Work item:
Pull out the lines from the one containing "2017 Buick Grand" through the final line of the listing below and repeat them exactly. Leave the pictures behind.

Collected data:
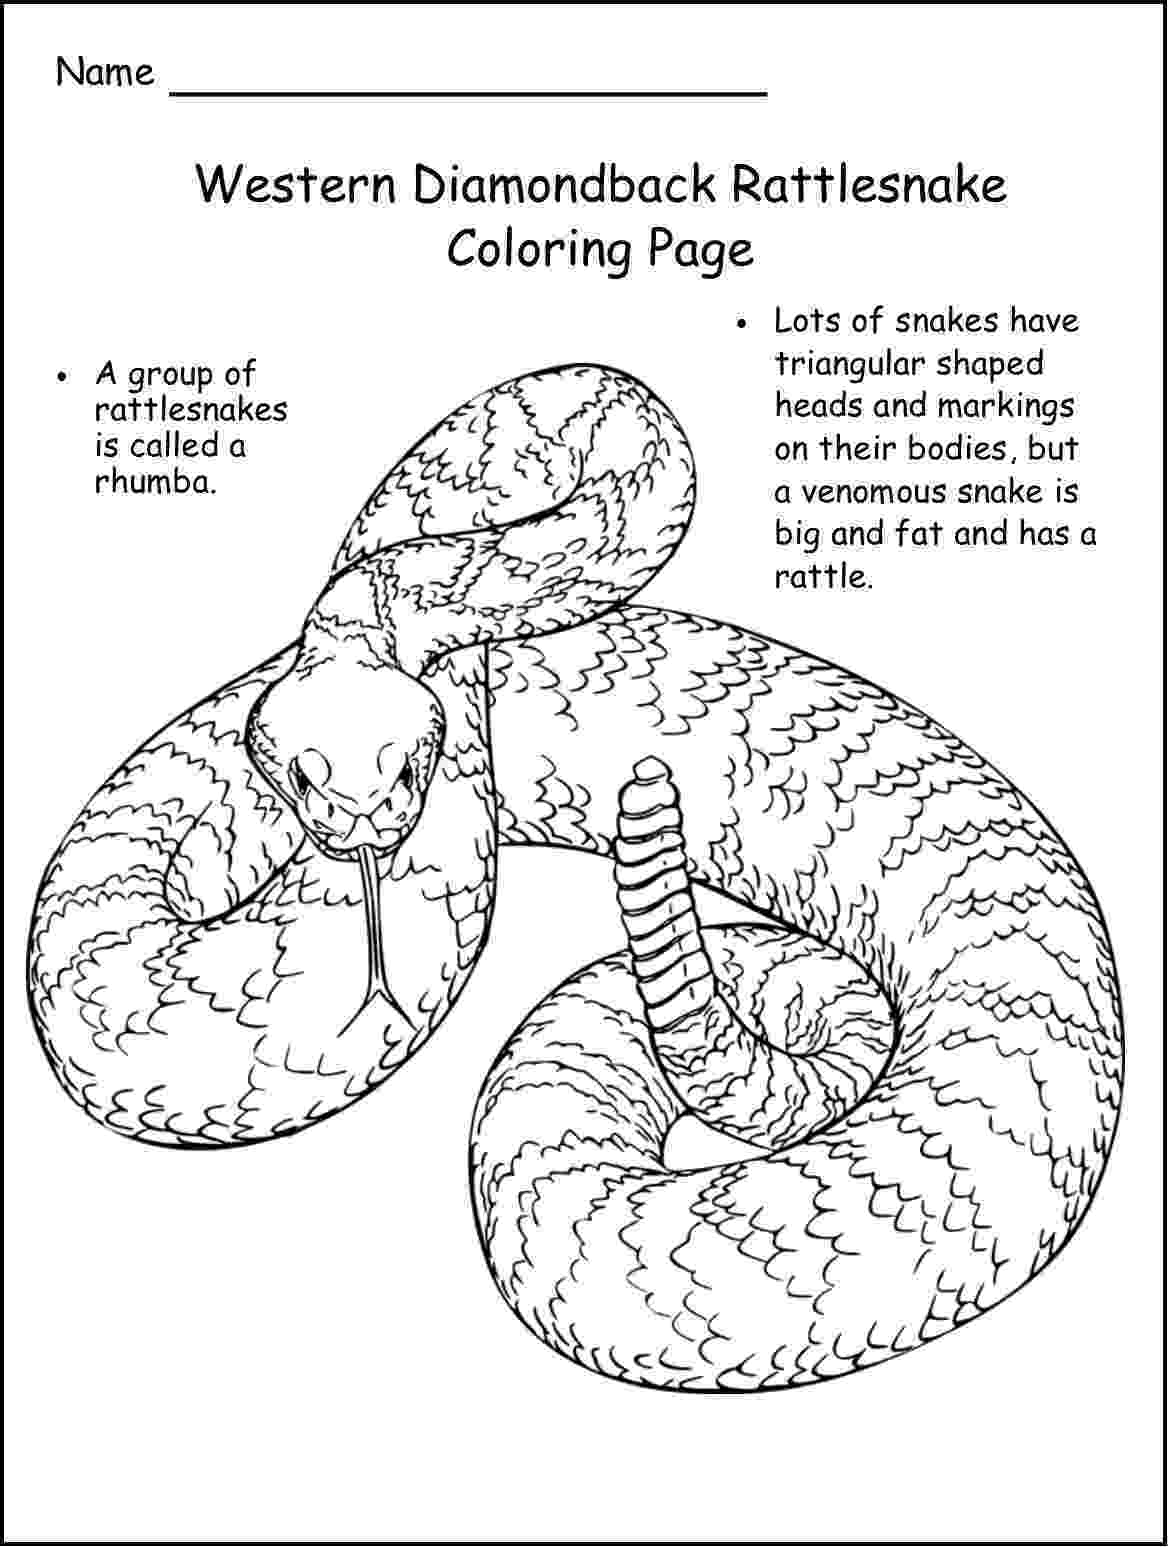 western diamondback rattlesnake coloring pages rattlesnakes coloring pages download and print for free pages diamondback coloring western rattlesnake
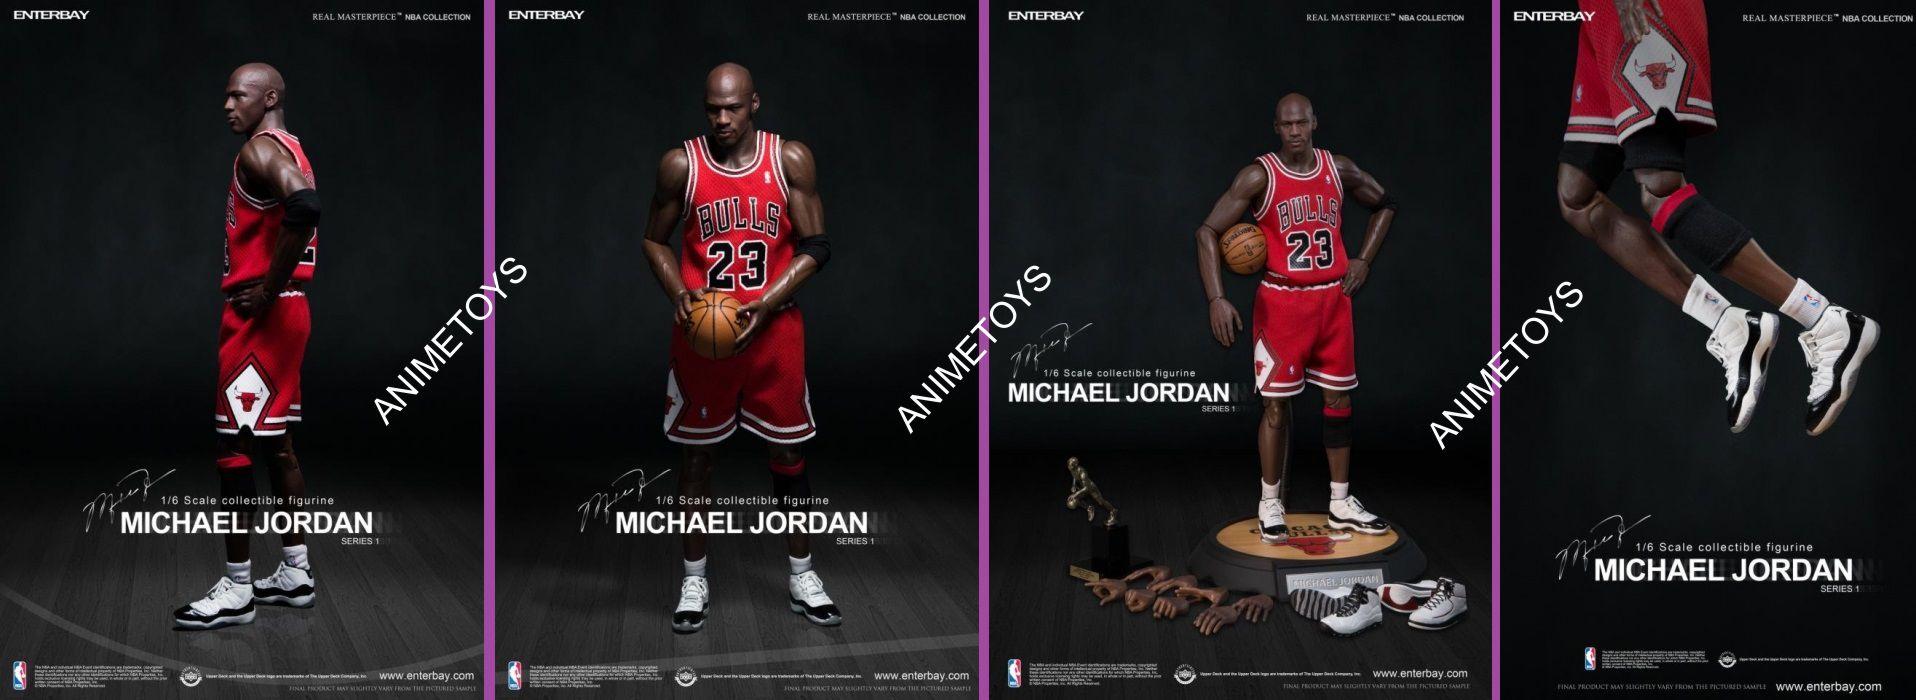 f225810ed5 scarpe di michael jordan online 51 di sconto, grande modelli jordan ...
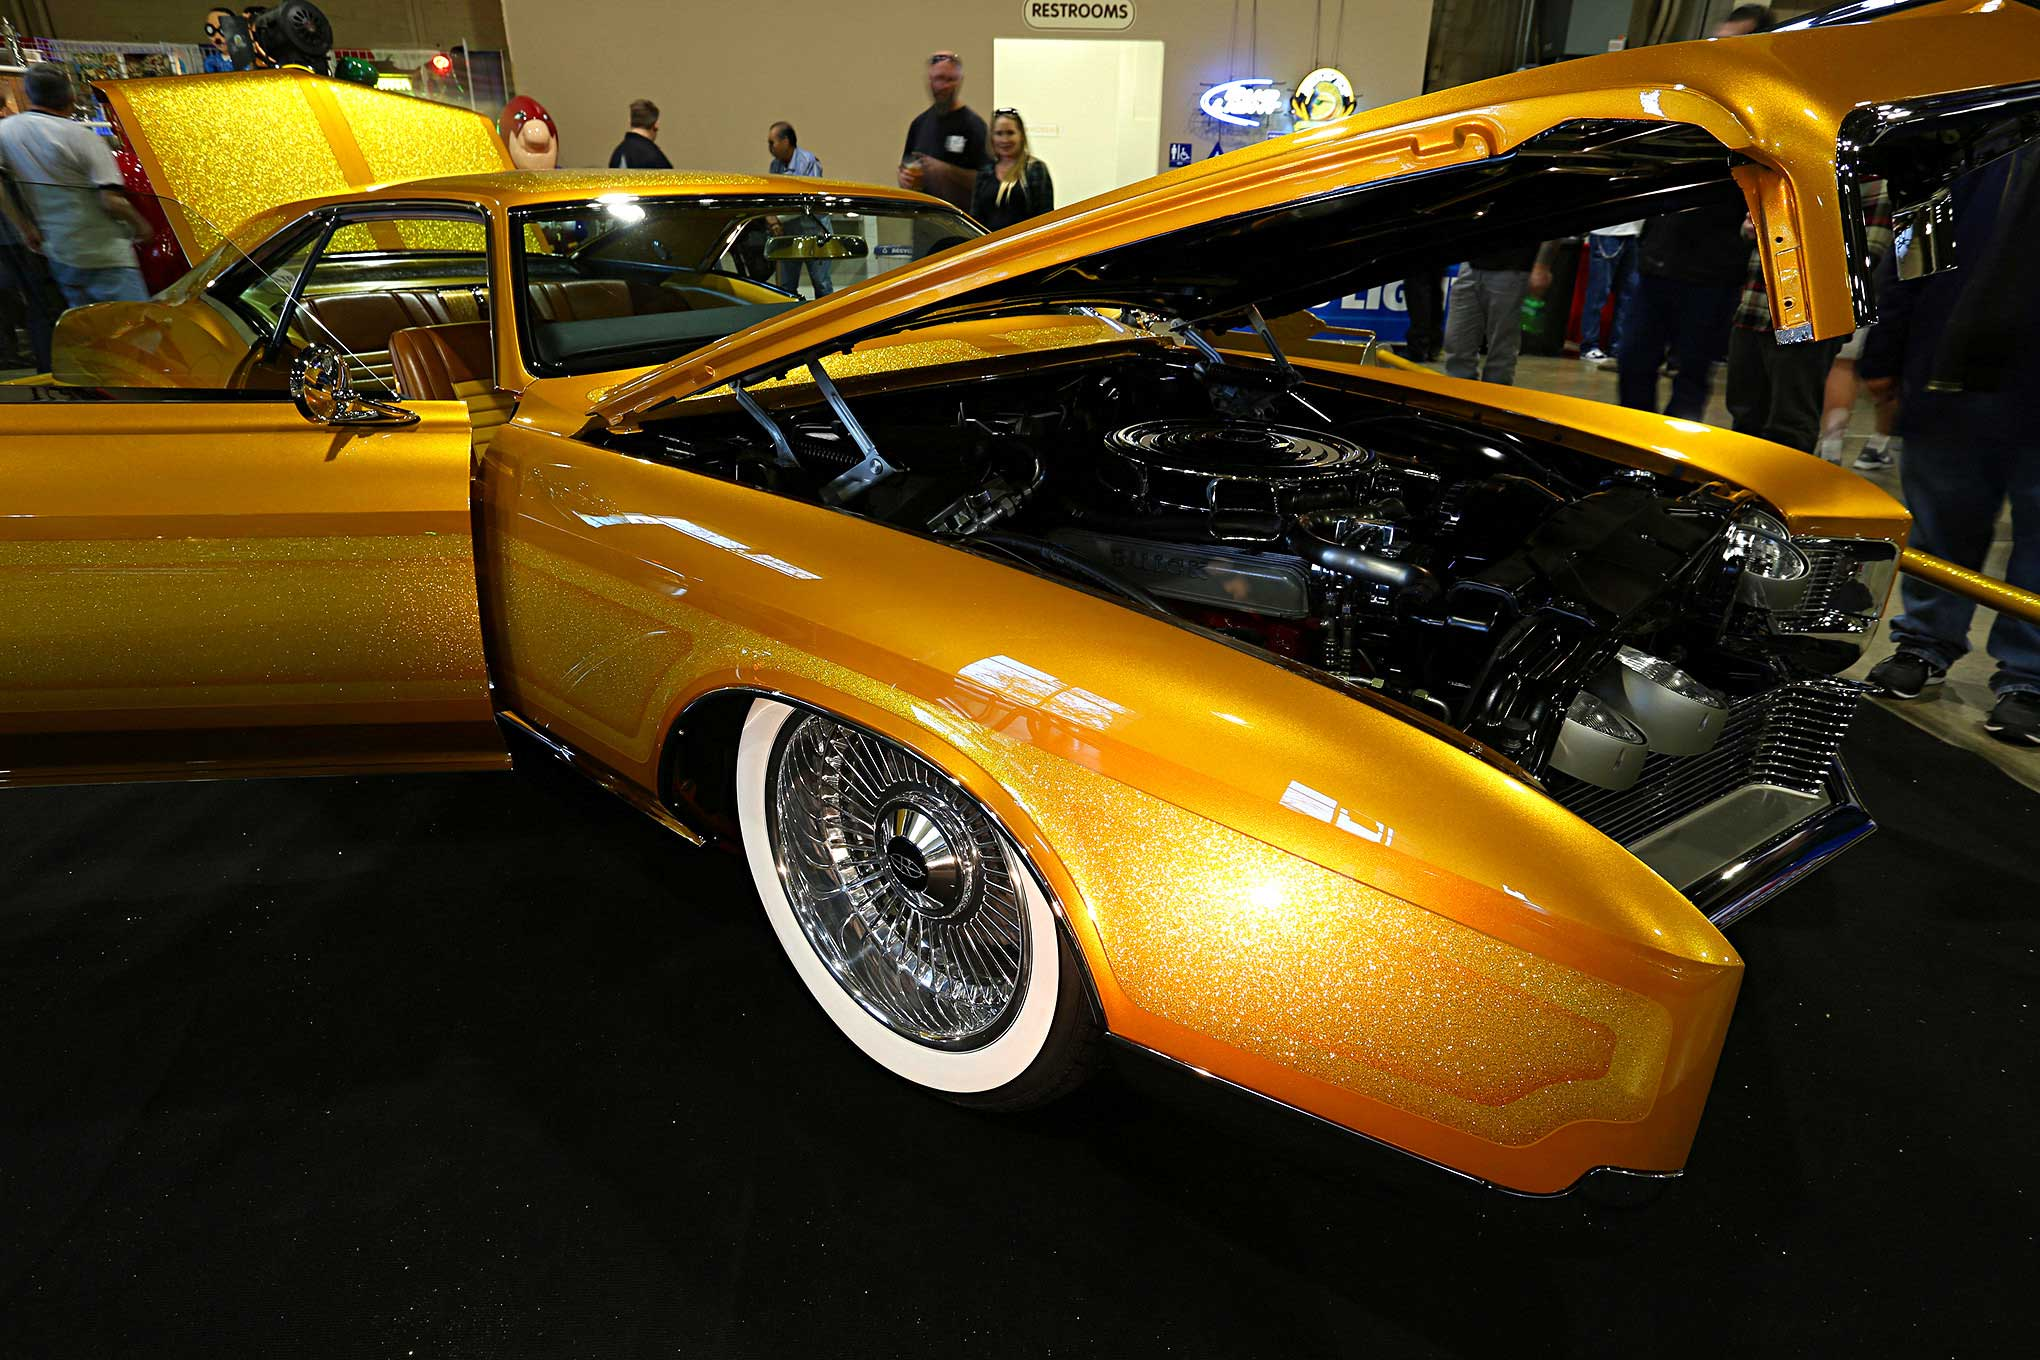 2017 Buick Grand National >> Hot Rods & Custom Stuff's Riviera GS - GNRS 2017 Spotlight
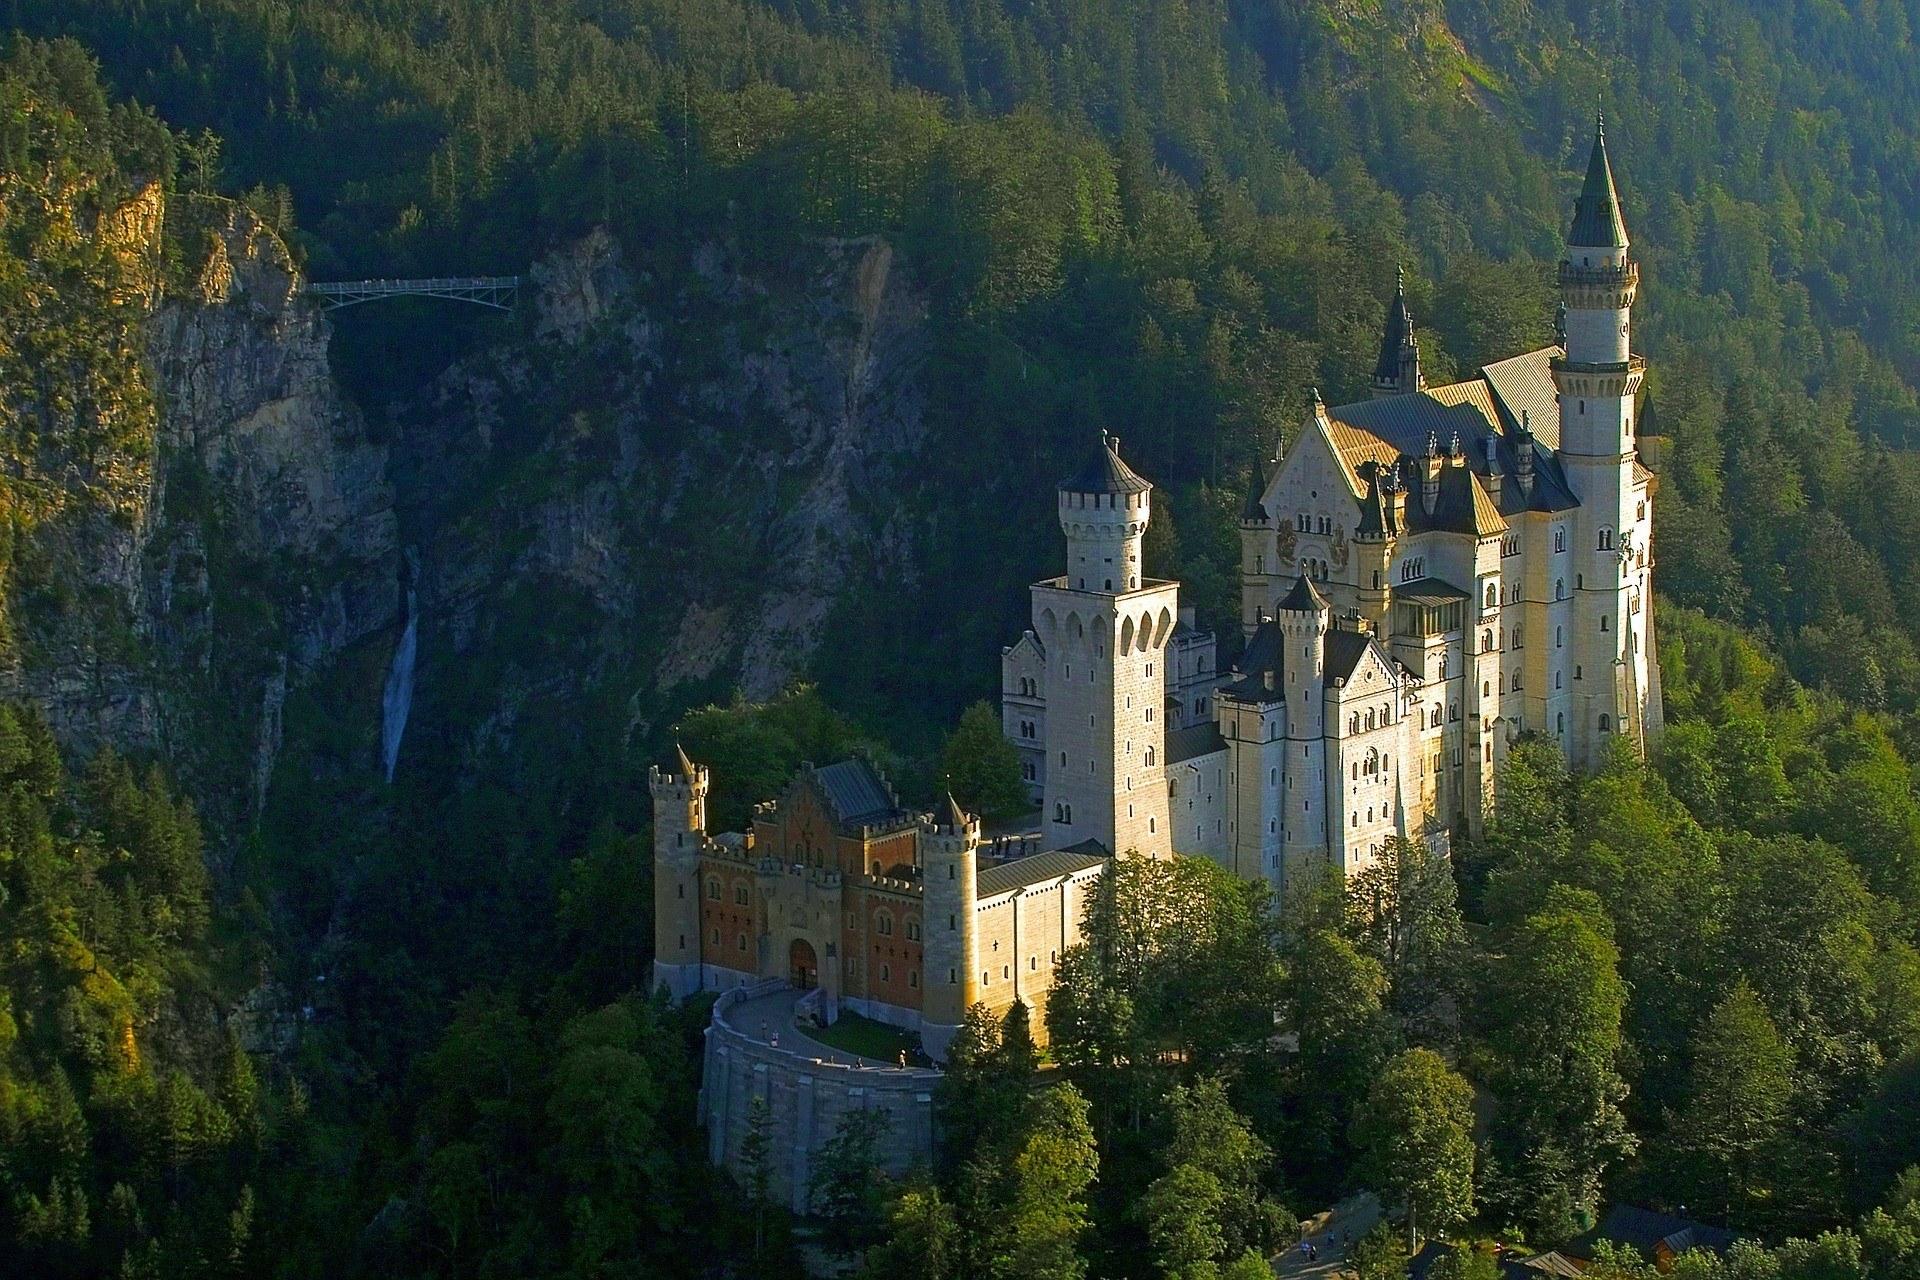 Verlassenes Schloss Bayern

Your response:
 2017 Buick Grand National >> Hot Rods & Custom Stuff's Riviera GS - GNRS 2017 Spotlight
 Verlassenes Schloss Bayern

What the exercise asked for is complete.